Re: Ubuntu drops Unity and moves back to GNOME

Post by Lysander666 »

KBD47 wrote:
Lysander666 wrote: I do take the point that fanboys are irritating though, and it seems the more active a forum is, there more there are of them. I tend to just ignore them. I will say again though, that there already - to me - appears to be a big difference in the Mint in comparison to Ubuntu community with regard to what is allowed to be discussed. It is a huge relief. Most likely because Mint is not tied to a corporation, I imagine.

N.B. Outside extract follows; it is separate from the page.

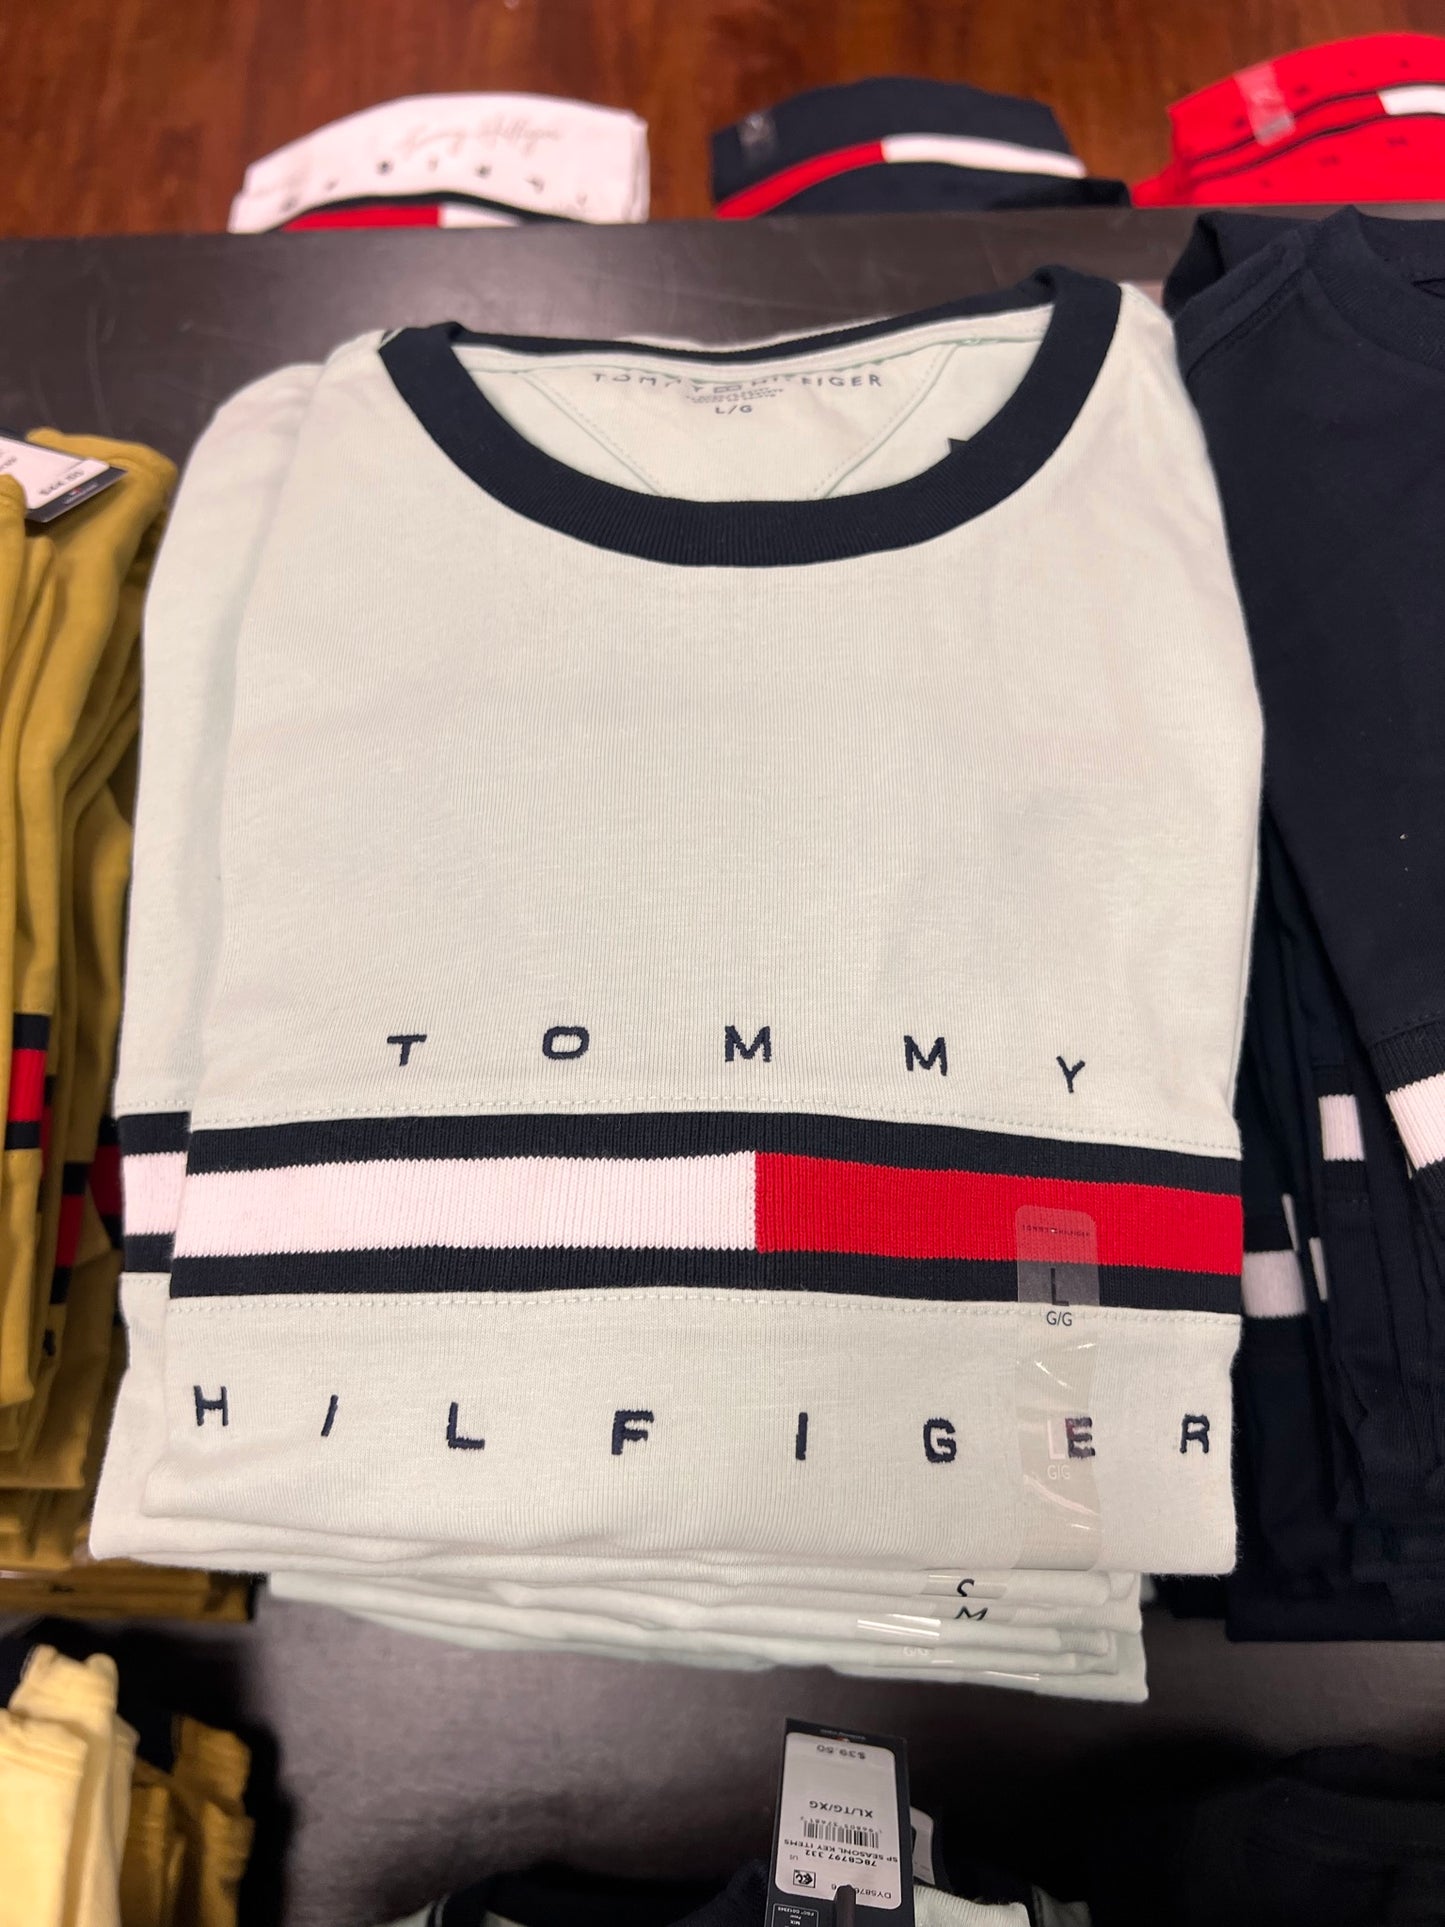 Camiseta TOMMY HILFIGER masculina com detalhe no peito

(bold emphasis above mine)
That is really the core of what happened here. I think if Ubuntu survives intact it will be because they become another Redhat. Compare that to Debian which is a community organized Linux distribution. Or even Mint which is something between the two but smaller and better able to adapt. I think what is getting overlooked is the fact that Ubuntu will be 'following the money'. We have already seen some of this with Amazon being stuck into Ubuntu Unity search, etc. Shuttelworth has made clear that is exactly why all these changes have taken place. Only the users can decide where this leaves them in relationship to Ubuntu. For me I'm taking a harder look and moving back toward Debian. It also makes me appreciate Mint more.
It's not only with Canonical, but Microsoft. Very recently a thread was closed when people started to criticise Microsoft. So it's not just Canonical, but their partners. You will see this primarily with business forums, they will close/delete threads with hardly any notice if people start to pick holes in the company, its staff or its affiliates. It's understandable: I suppose money had to be pumped into Ubuntu to make it what it is, and to make it accessible, but it also means people are not allowed to criticise the developers if money could be at stake somewhere down the line. Linux: freedom of choice, freedom of development, freedom of distribution... but not always freedom of speech, unfortunately.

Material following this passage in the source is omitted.